Blocks of masses m, 2 m, 4 m and 8 m are arranged in a line on a frictionless floor.

Question:

Blocks of masses $m, 2 m, 4 m$ and $8 m$ are arranged in a line on a frictionless floor. Another block of mass $m$, moving with speed $v$ along the same line (see figure) collides with mass $m$ in perfectly inelastic manner. All the subsequent collisions are also perfectly inelastic.
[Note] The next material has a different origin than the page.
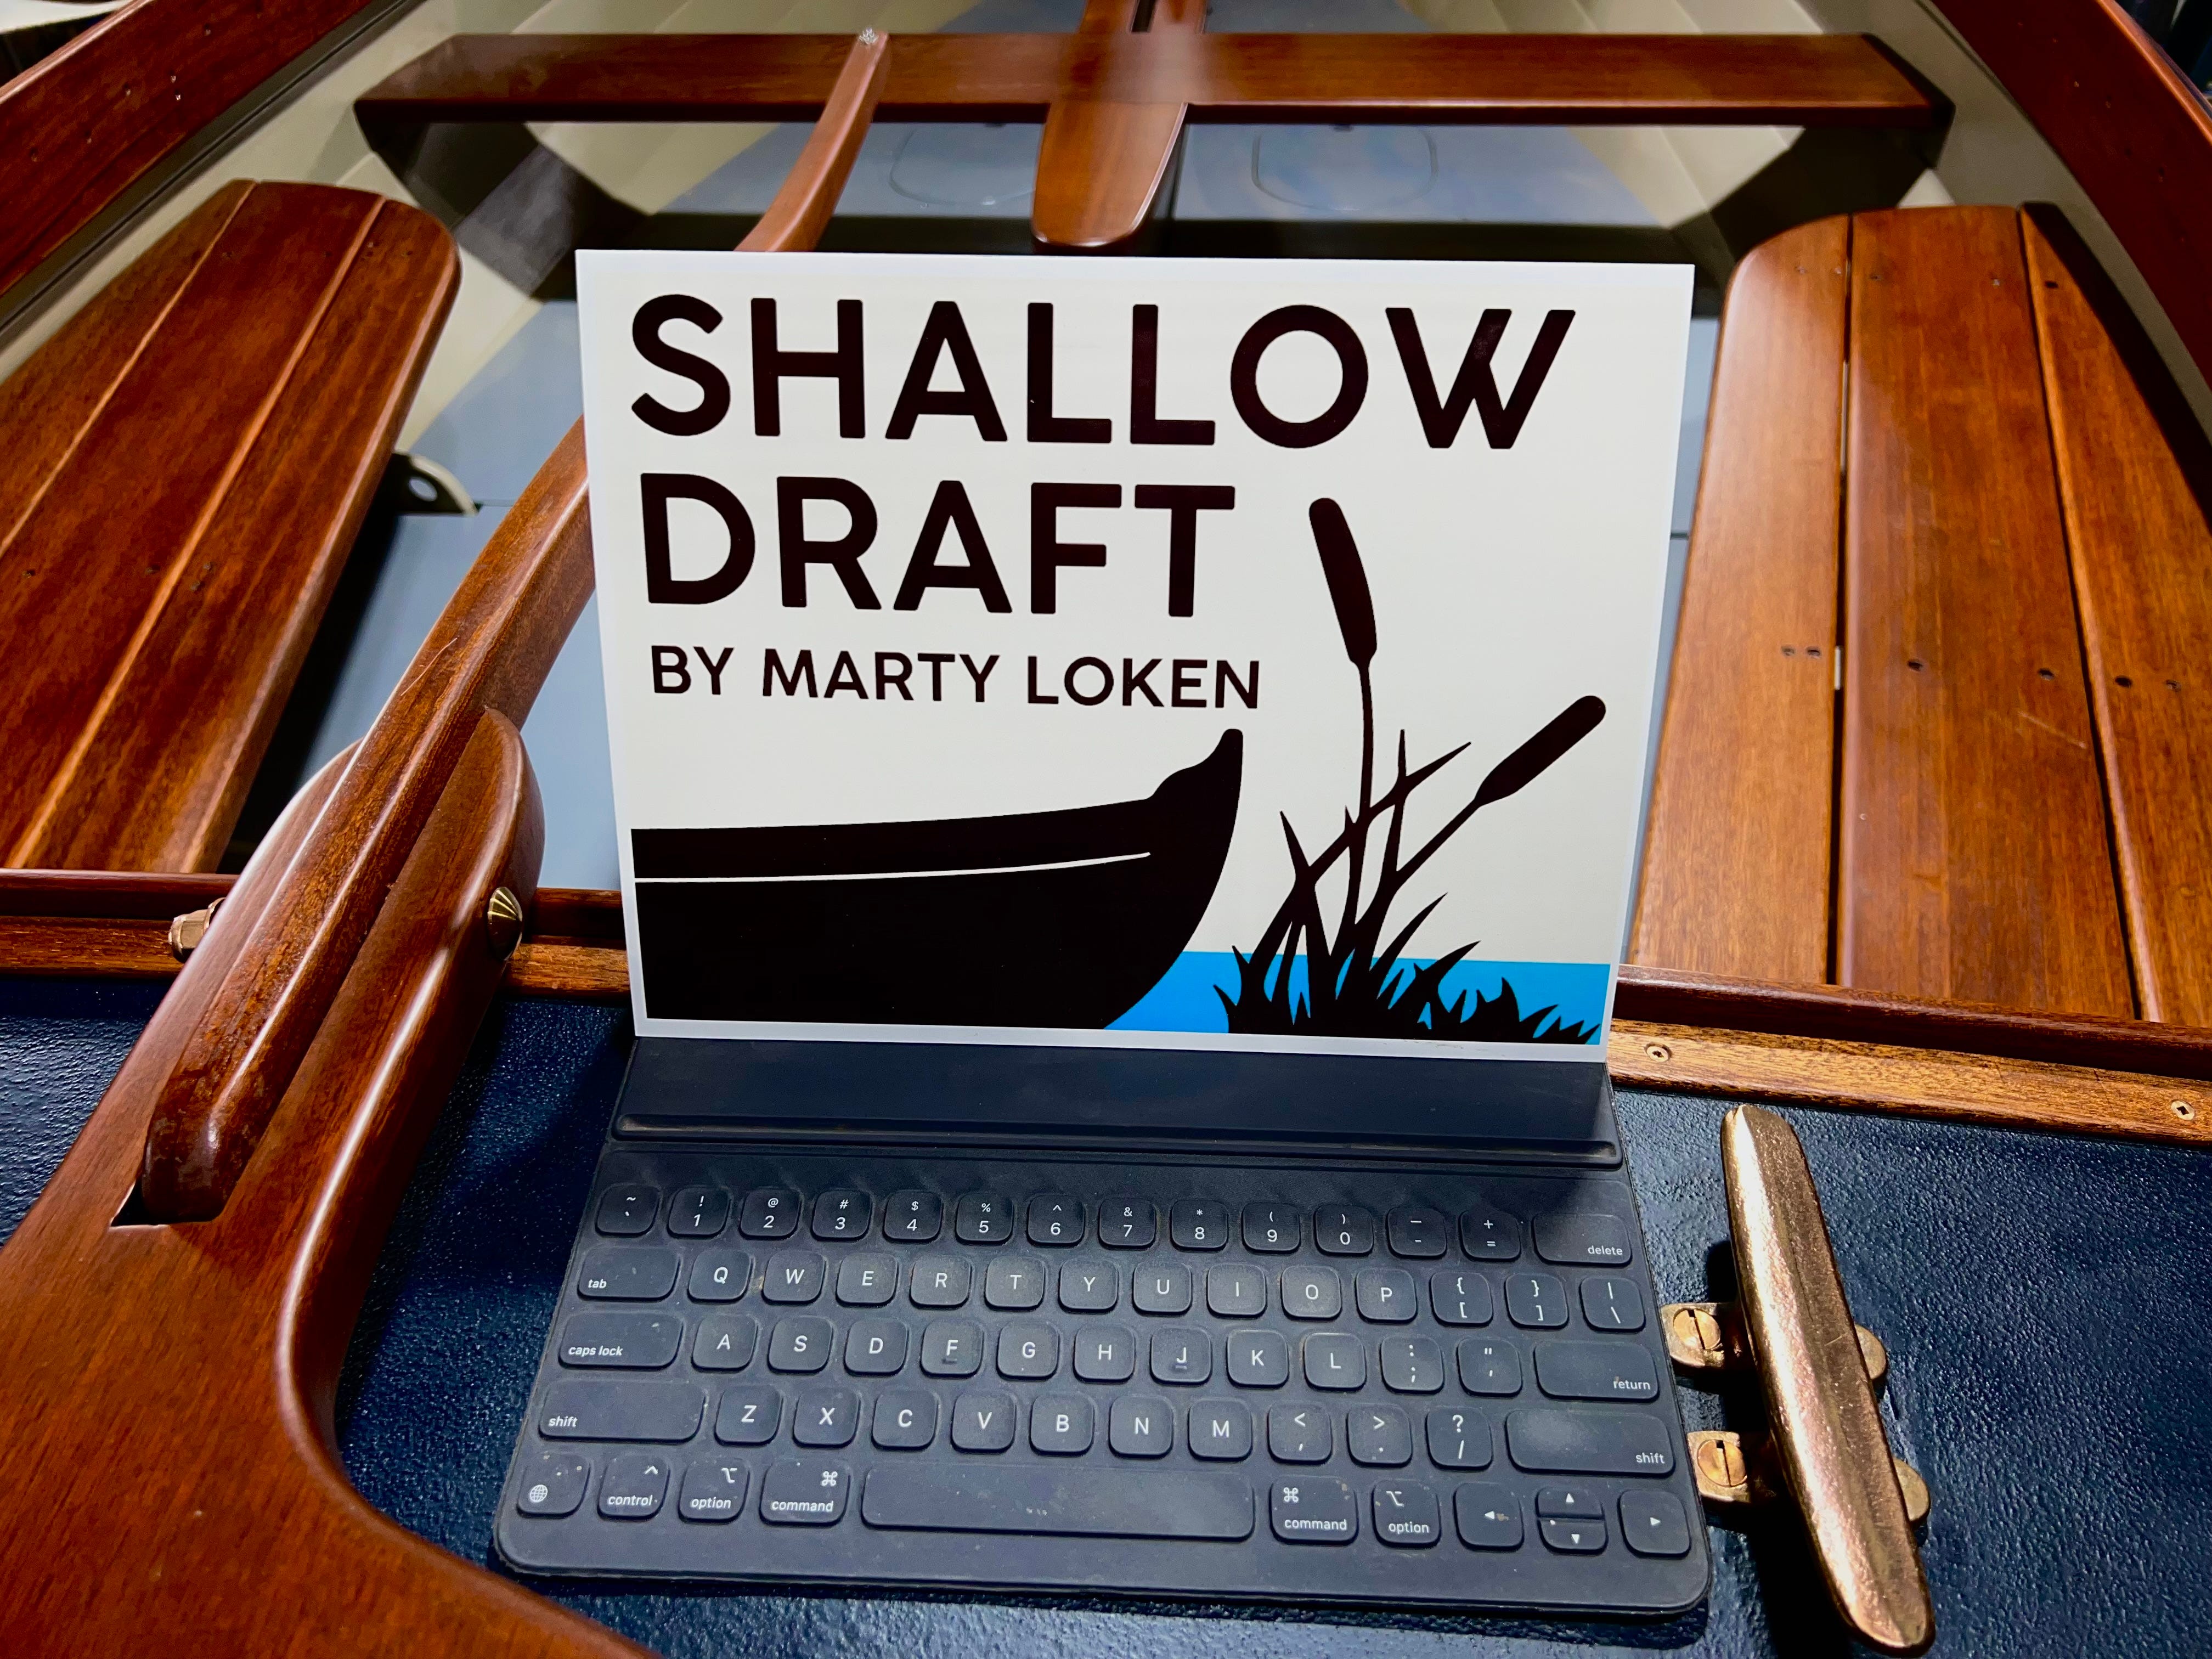 We Found Our Dreamboat Project! - Small Craft Advisor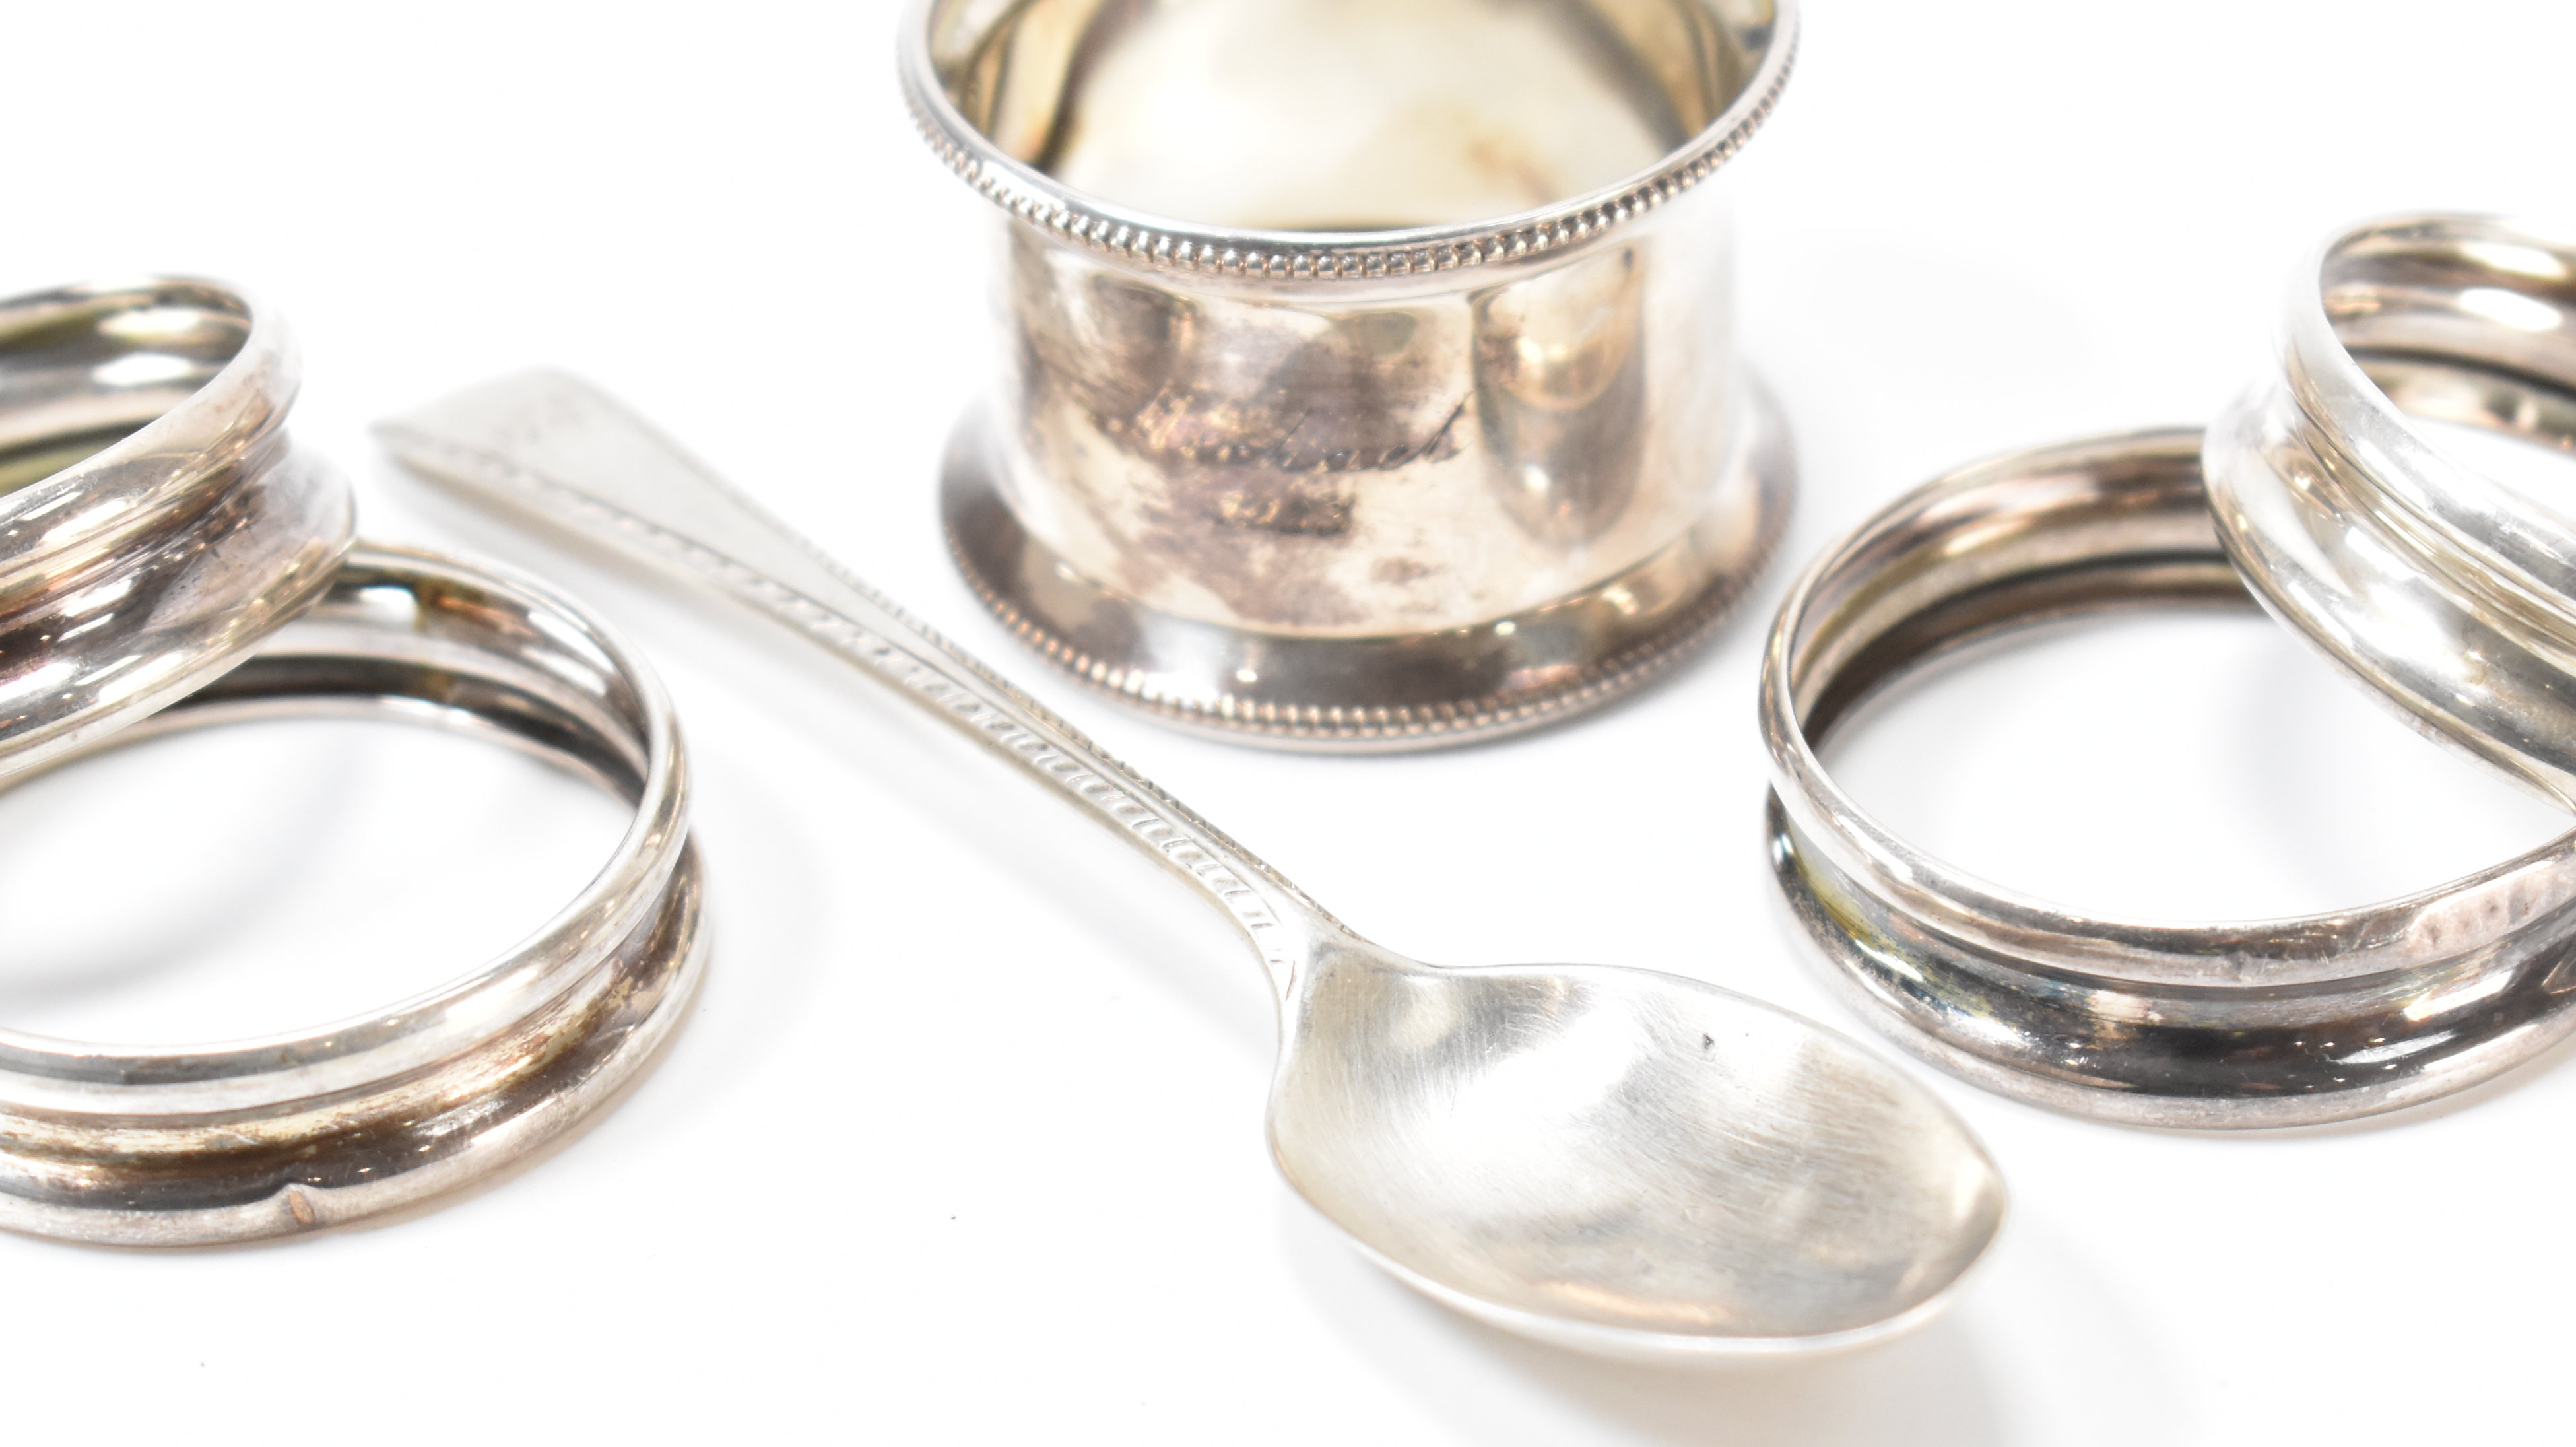 GROUP OF SILVER HALLMARKED ITEMS - NAPKIN RINGS & SPOON - Image 3 of 5

By the time the last block of mass $8 m$ starts moving the total energy loss is $p \%$ of the original energy. Value of ' $p$ ' is close to :

  1. (1) 77

  2. (2) 94

  3. (3) 37

  4. (4) 87


Correct Option: , 2

Solution:

(2) According to the question, all collisions are perfectly inelastic, so after the final collision, all blocks are moving together.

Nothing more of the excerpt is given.